### Problem to solve
Quote the listing in full, exactly as given, minus any pictures.

### Stored data
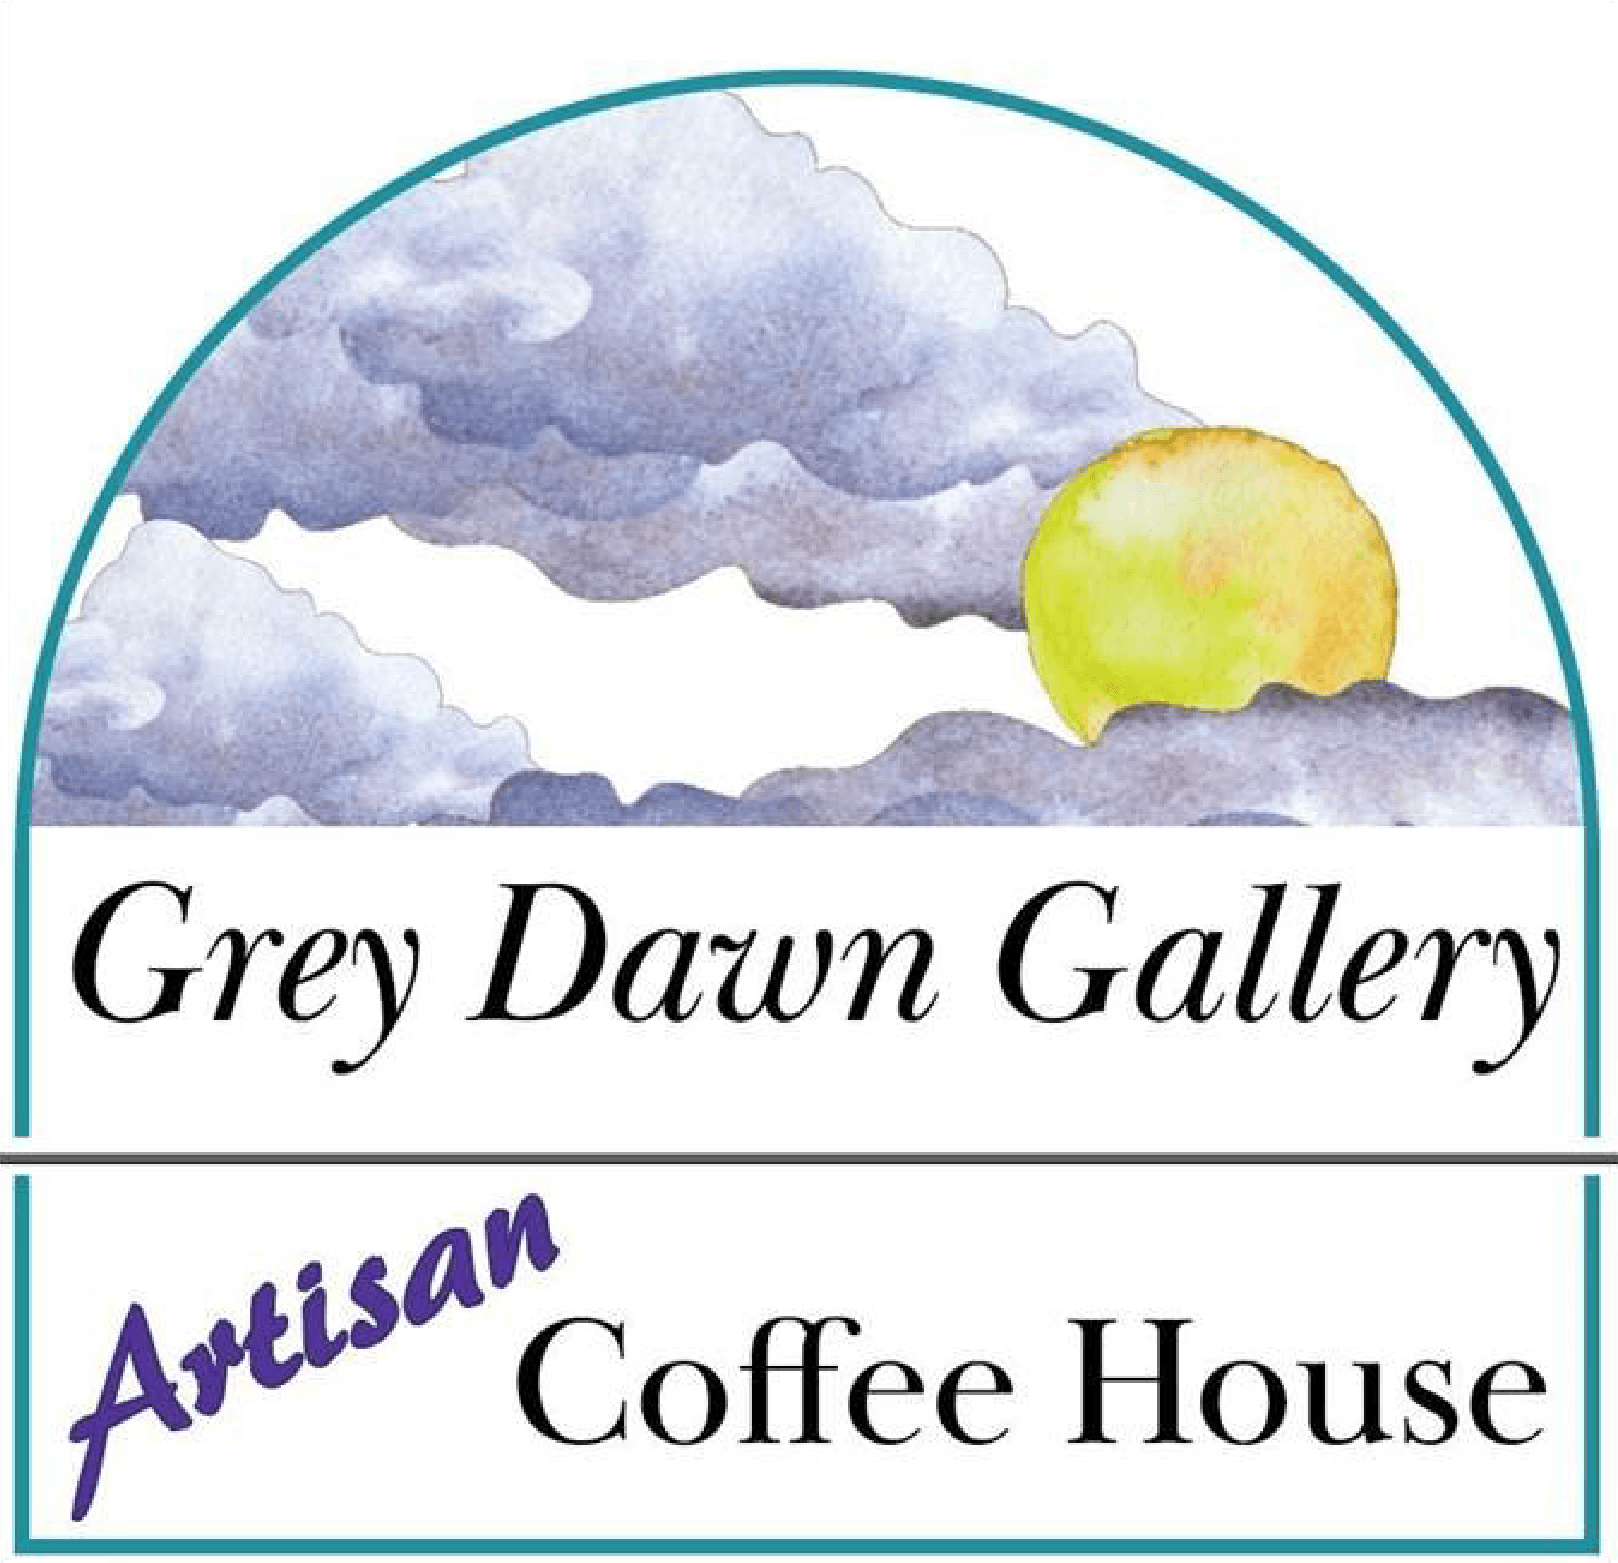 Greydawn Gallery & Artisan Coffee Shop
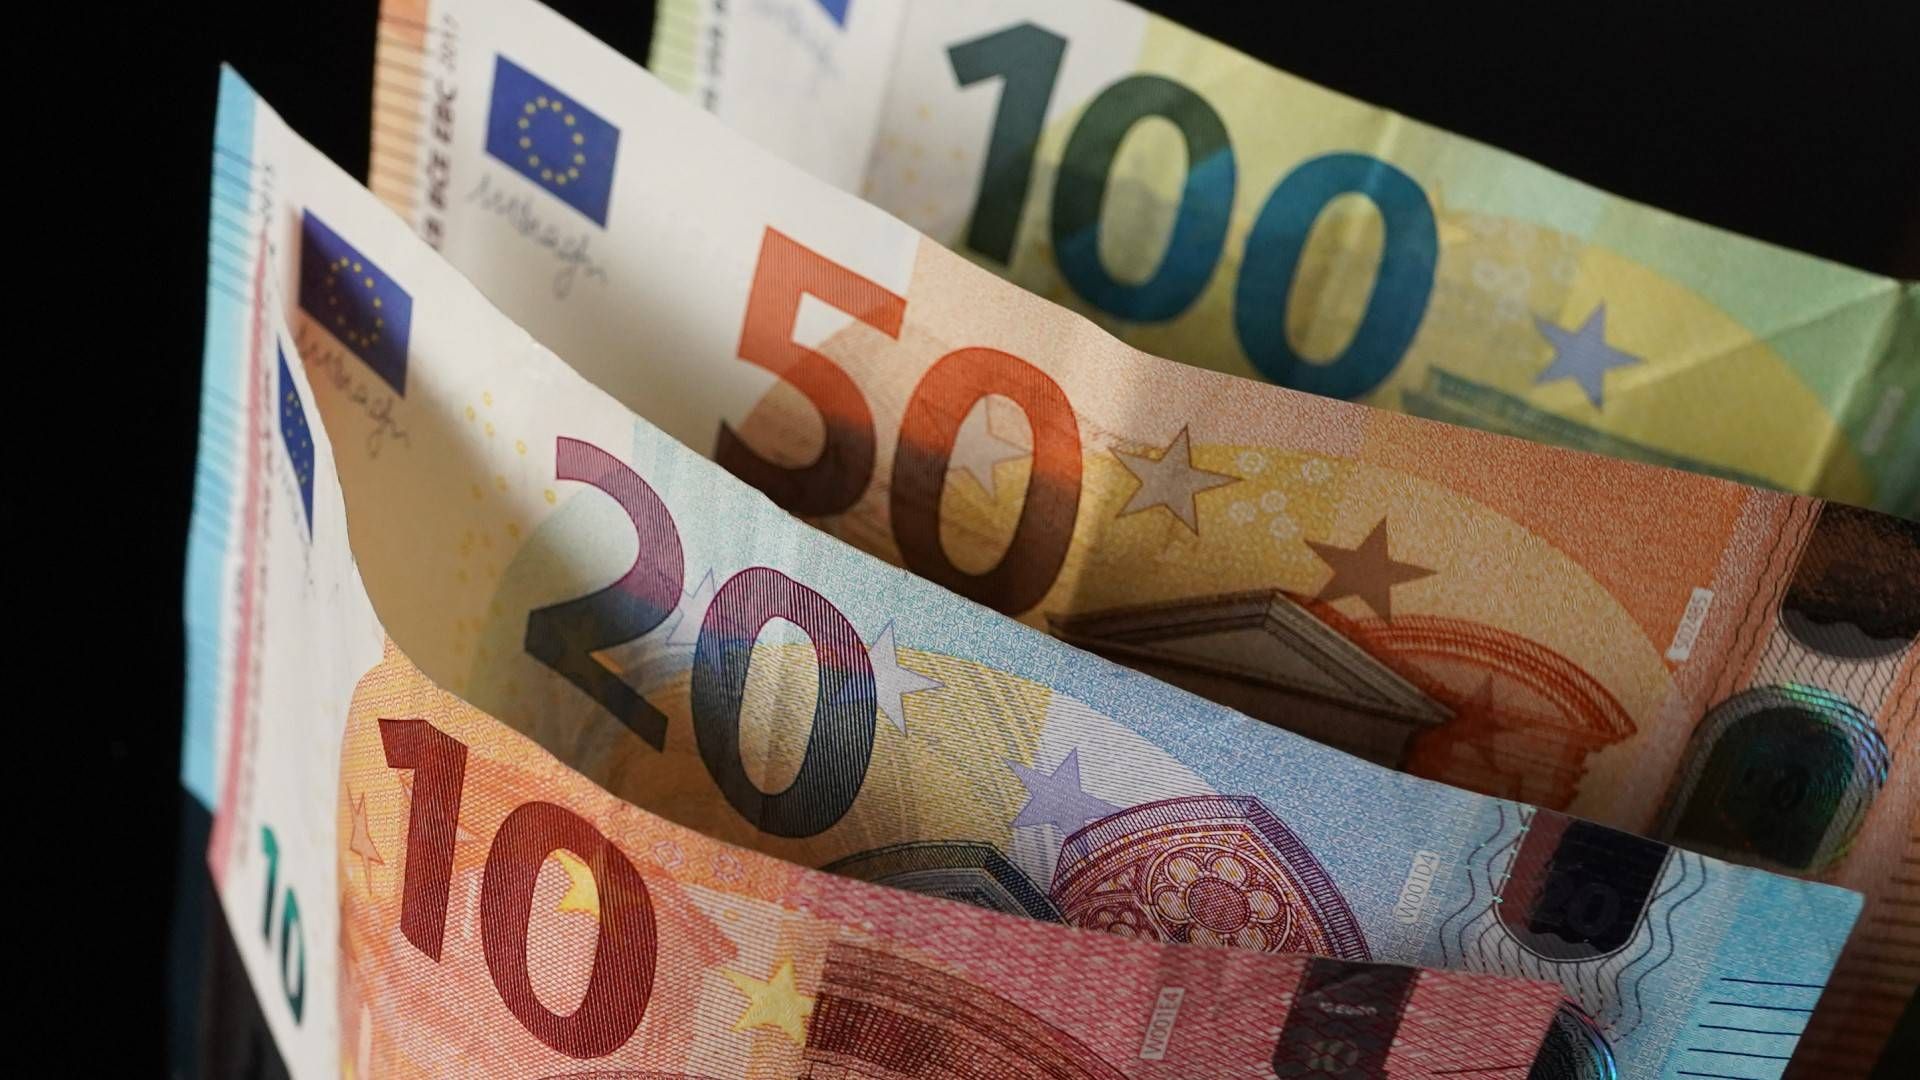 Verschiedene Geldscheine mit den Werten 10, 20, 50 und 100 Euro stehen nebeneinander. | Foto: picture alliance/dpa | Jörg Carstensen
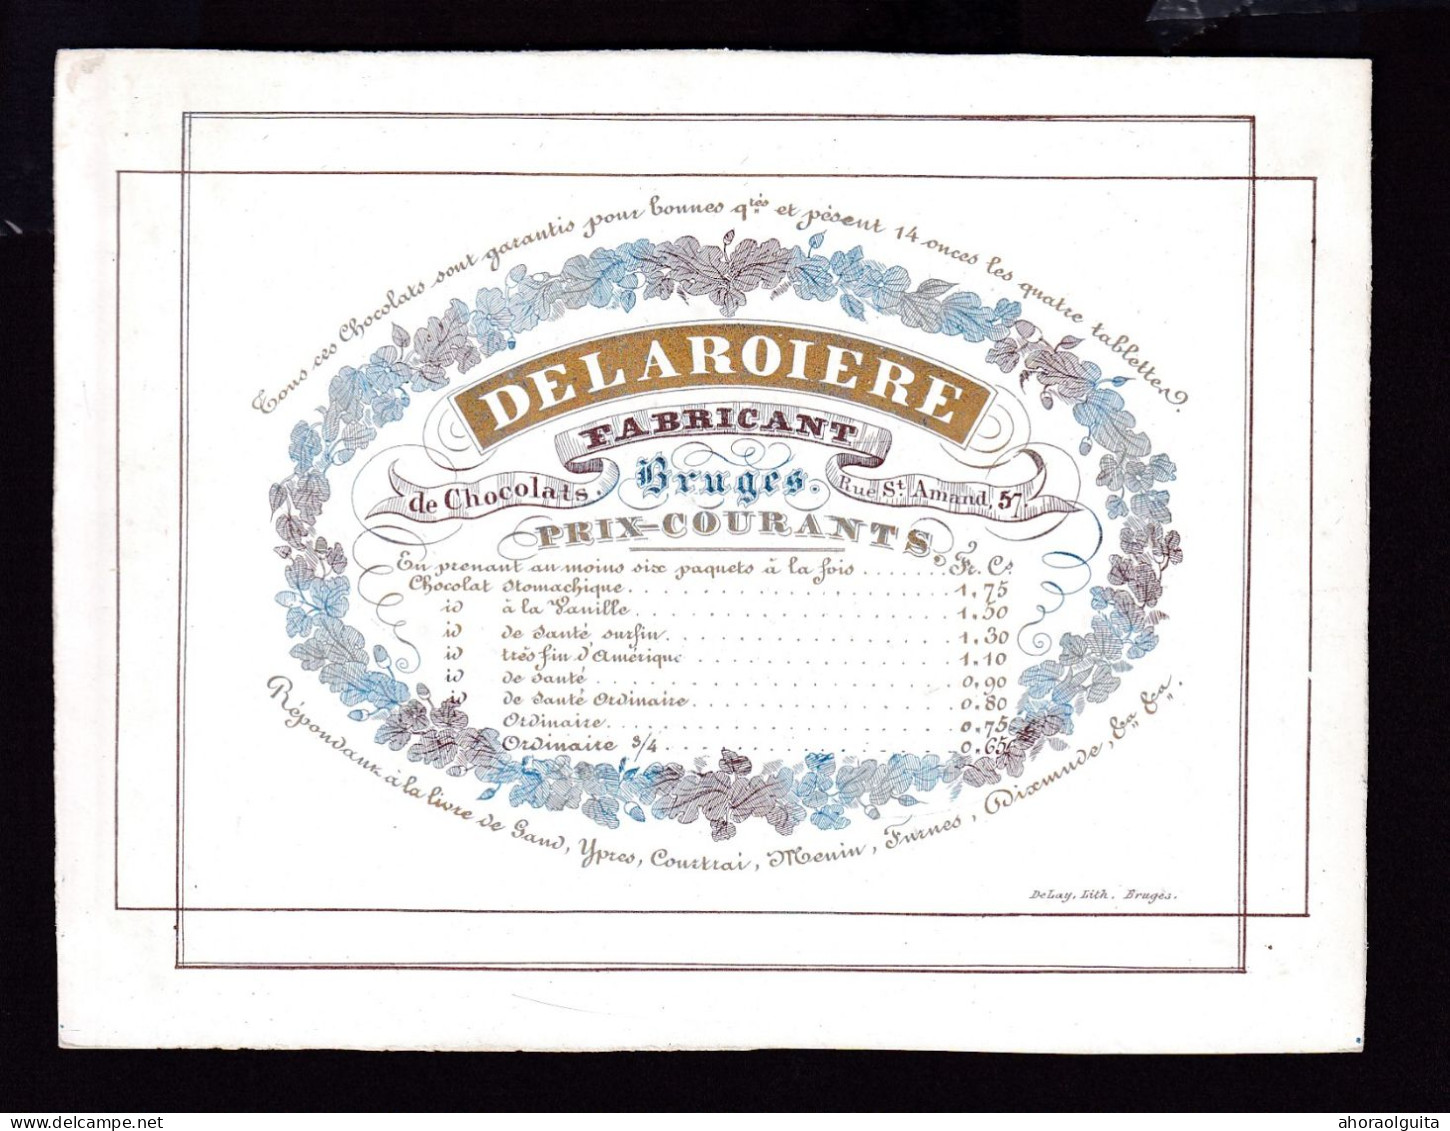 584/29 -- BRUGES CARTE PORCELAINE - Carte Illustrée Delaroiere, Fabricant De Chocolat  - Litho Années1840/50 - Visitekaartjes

### Response area
 Greydawn Gallery & Artisan Coffee Shop
 Verschiedene Geldscheine mit den Werten 10, 20, 50 und 100 Euro stehen nebeneinander. | Foto: picture alliance/dpa | Jörg Carstensen
 584/29 -- BRUGES CARTE PORCELAINE - Carte Illustrée Delaroiere, Fabricant De Chocolat  - Litho Années1840/50 - Visitekaartjes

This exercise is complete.